Is Economic Integration the Key to Education Reform?

A study conducted by a PhD student at Columbia University reveals that economic integration in Montgomery County’s public school system resulted in higher test scores for low-income students.  Released today, the study followed the performance of 858 elementary students in public housing from 2001-2007.  Half of the students were enrolled in schools where less than 20 percent of students qualified for subsidized meals, while the remainder were placed in schools where up to 60 percent of the students were considered low-income.  An article from The Washington Post reports the study’s findings:

After seven years, the children in the lower-poverty schools performed 8 percentage points higher on standardized math tests than their peers attending the higher-poverty schools – even though the county had targeted them with extra resources. Students in these schools scored modestly higher on reading tests, but those results were not statistically significant.

“The conventional wisdom – and I don’t want to knock the foundation of it – is that we really need to infuse the poorest schools with lots of resources,” said Stefanie DeLuca, associate professor of sociology at Johns Hopkins University, who has studied the issue and read an advance copy of the report. “This study turns that wisdom on its head to some extent. It says, actually, it’s who you are going to school with.”

Independent researchers call the report a step forward in studying the benefits of economic integration, which has been difficult to measure because it is hard to find large numbers of poor kids in wealthy areas. But Montgomery provided an ideal laboratory because of a long-standing policy of requiring developers to set aside housing for low-income families, who win spots through a lottery.

That randomness strengthens the study, researchers say. It mitigates a problem that hampered previous studies in which parents actively chose to place their children in better schools, making it difficult to separate the effect of the schools from the effect of having motivated parents.

Researchers see the results as especially significant because Montgomery, one of the nation’s best and largest public school districts with 144,000 students, has been uncommonly aggressive in seeking to improve the performance of students in schools with higher poverty.

It has divided the county into a high-performing, more-affluent green zone and a high-needs red zone, where schools receive about $2,000 more in per-pupil funding. And yet, the low-income students in the study performed better in the green-zone schools.
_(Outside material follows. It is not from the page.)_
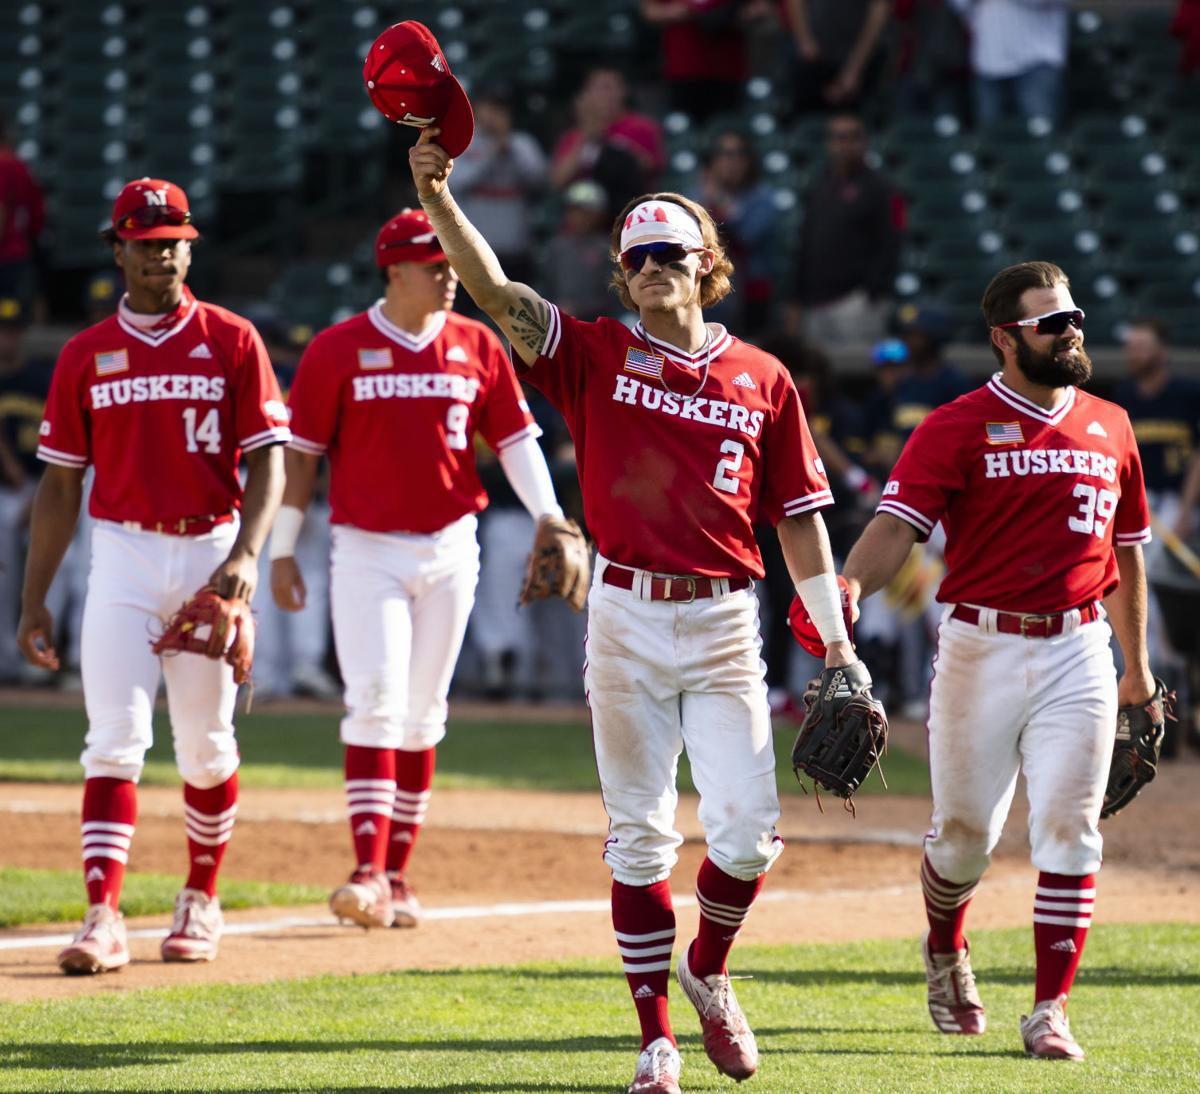 I think these baseball uniforms are SWEET! : r/Huskers

Montgomery School Superintendent Jerry D. Weast said that the report’s findings were no surprise but that his policies are designed to counteract the ill effects of housing patterns that concentrate poverty in certain areas.

“We chose to do the art of the possible,” Weast said. “Housing policy is a far stretch for a school superintendent.”

……

Researchers say that poor schools often struggle because they tend to attract rotating staffs of less-experienced teachers and administrators, among other problems. Schools with lower levels of poverty have a range of benefits that include more stable staffs, fewer discipline problems and more support from volunteers. Parents who have one job instead of three also have an easier time being involved. And expectations are usually higher.